ACTIVITY: Reproduce exactly the line with "A fine pair" and every line that follows it below, up to and including the last one. Do not include pictures or anything else.

DATASET CONTENT:
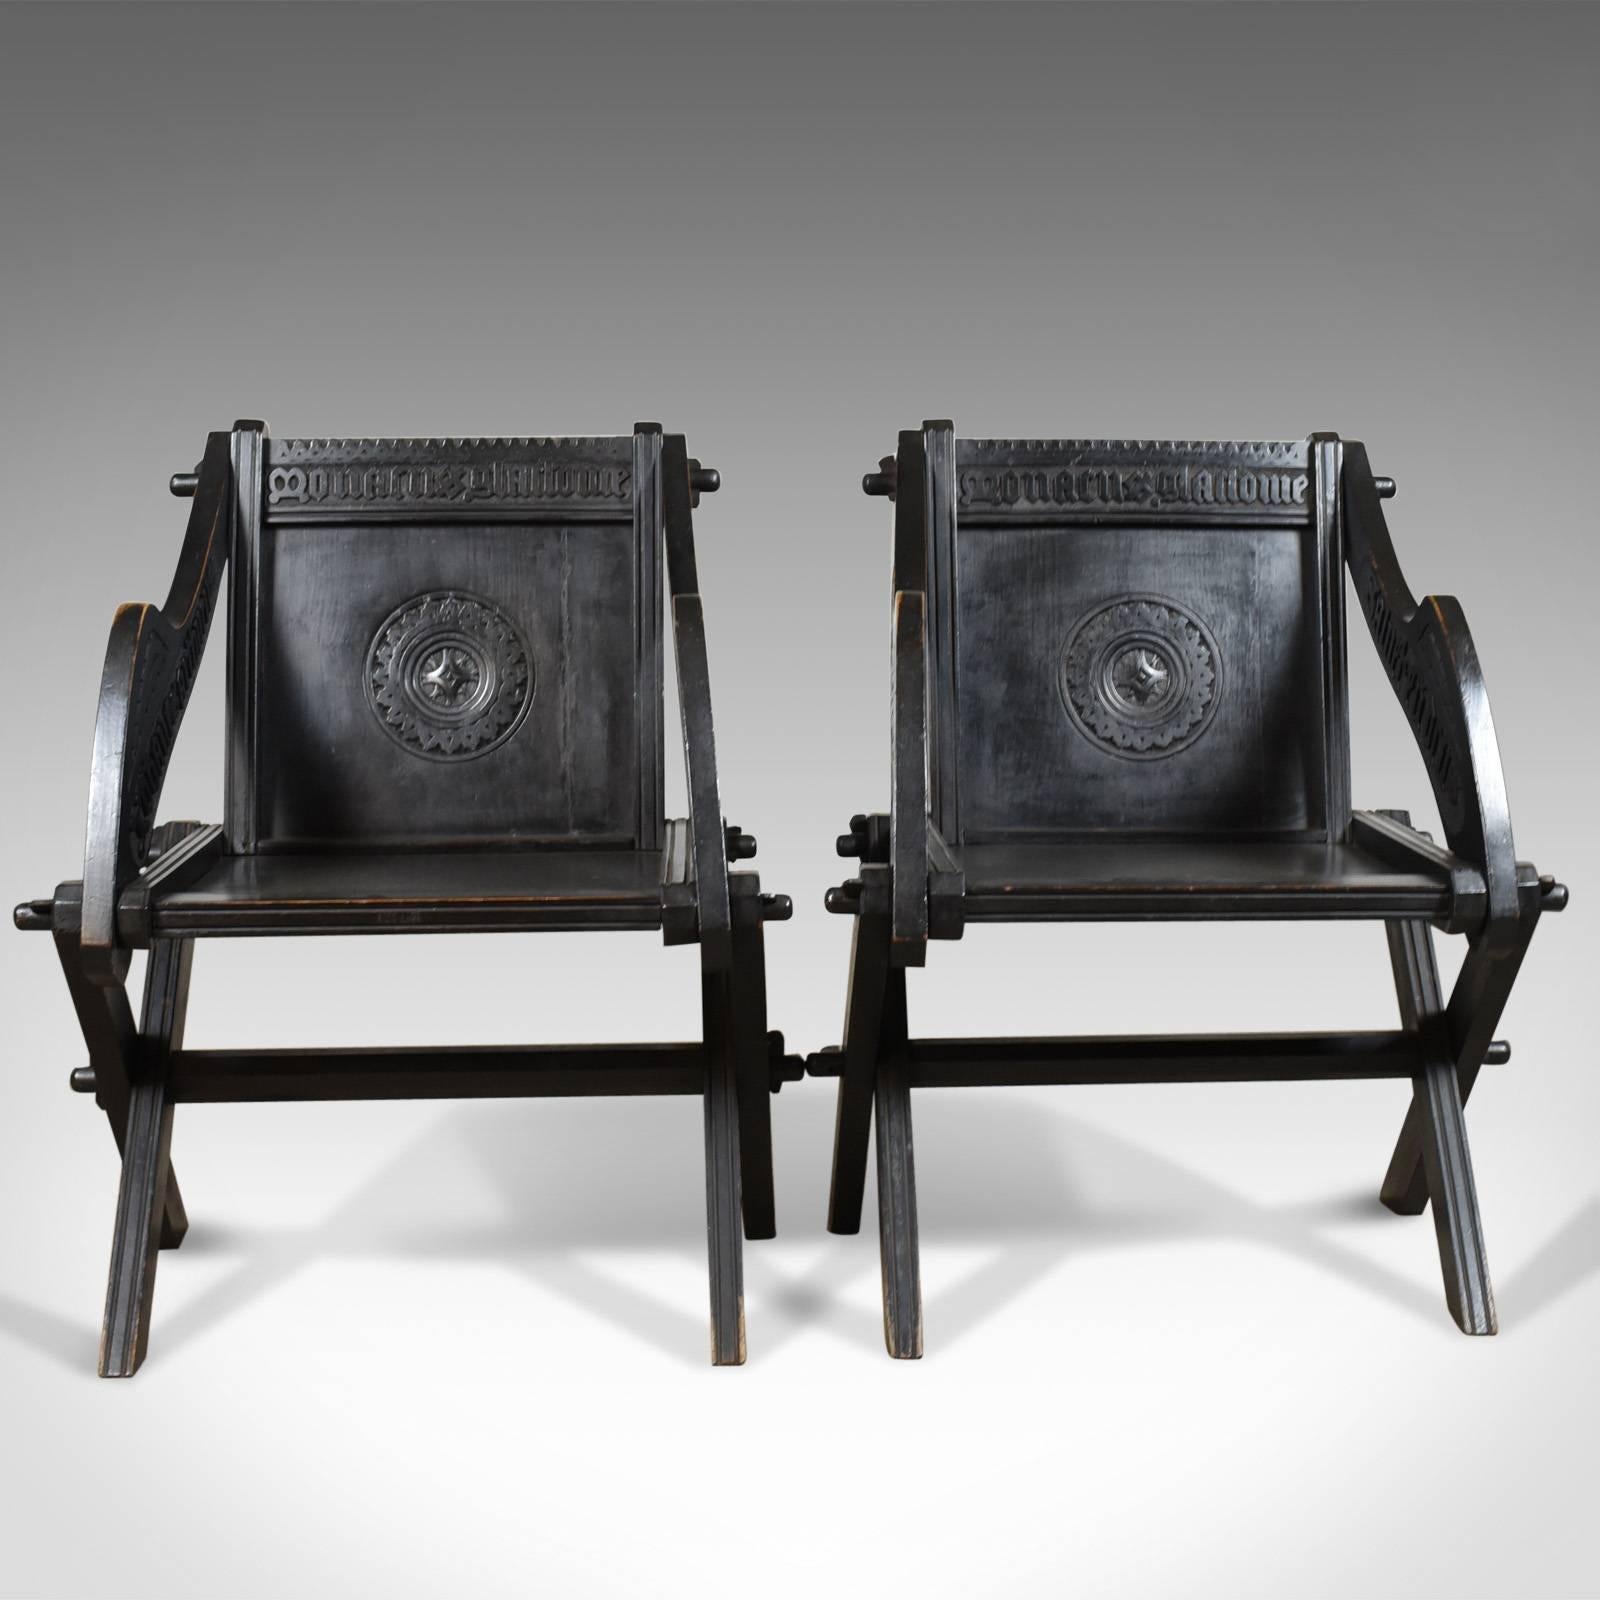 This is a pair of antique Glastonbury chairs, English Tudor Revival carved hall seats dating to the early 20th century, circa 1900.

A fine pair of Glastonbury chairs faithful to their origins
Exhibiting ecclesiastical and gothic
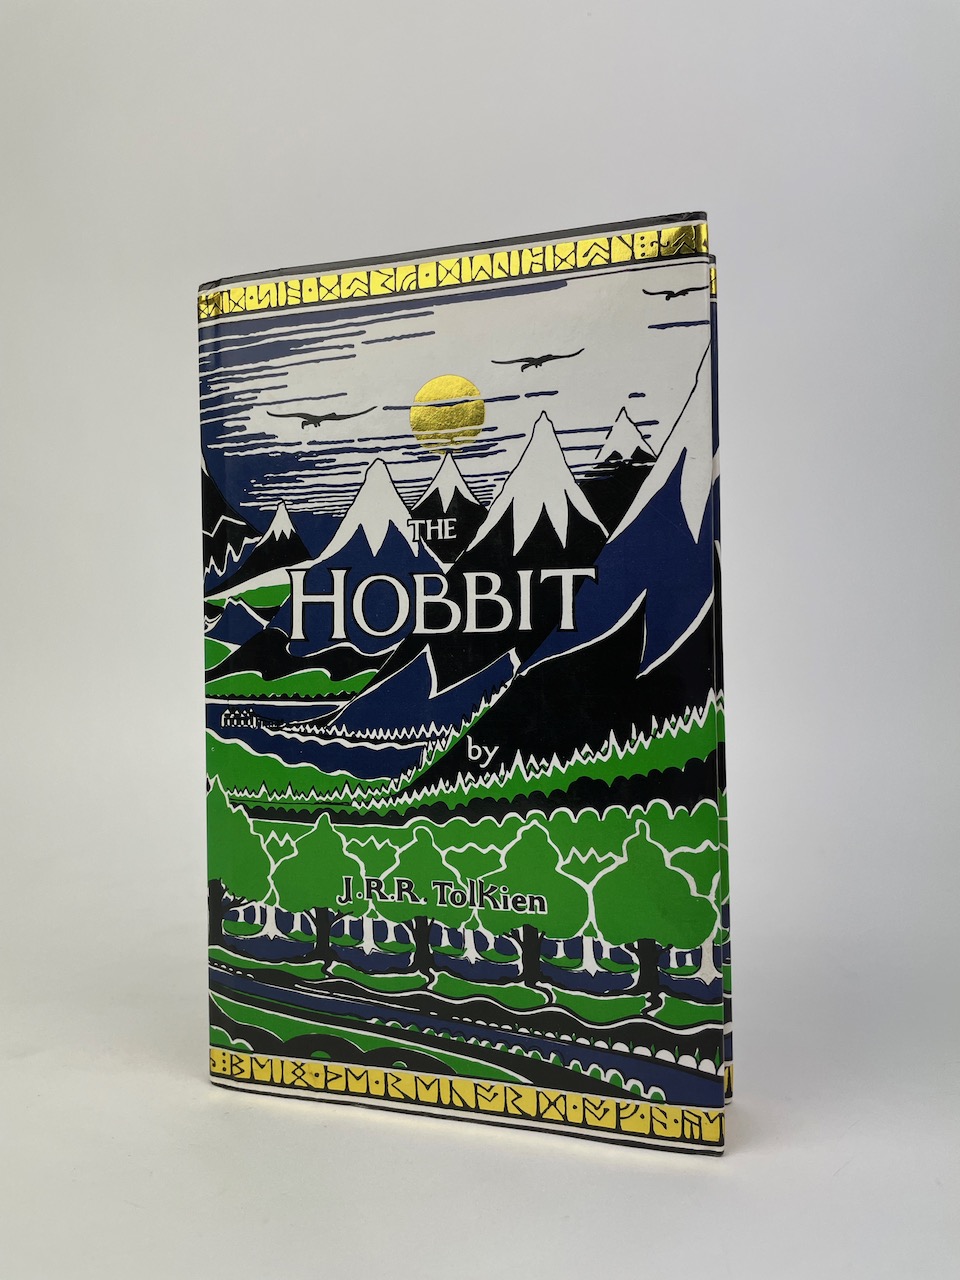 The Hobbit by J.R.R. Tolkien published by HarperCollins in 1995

OUTPUT:
A fine pair of Glastonbury chairs faithful to their origins
Exhibiting ecclesiastical and gothic
 The Hobbit by J.R.R. Tolkien published by HarperCollins in 1995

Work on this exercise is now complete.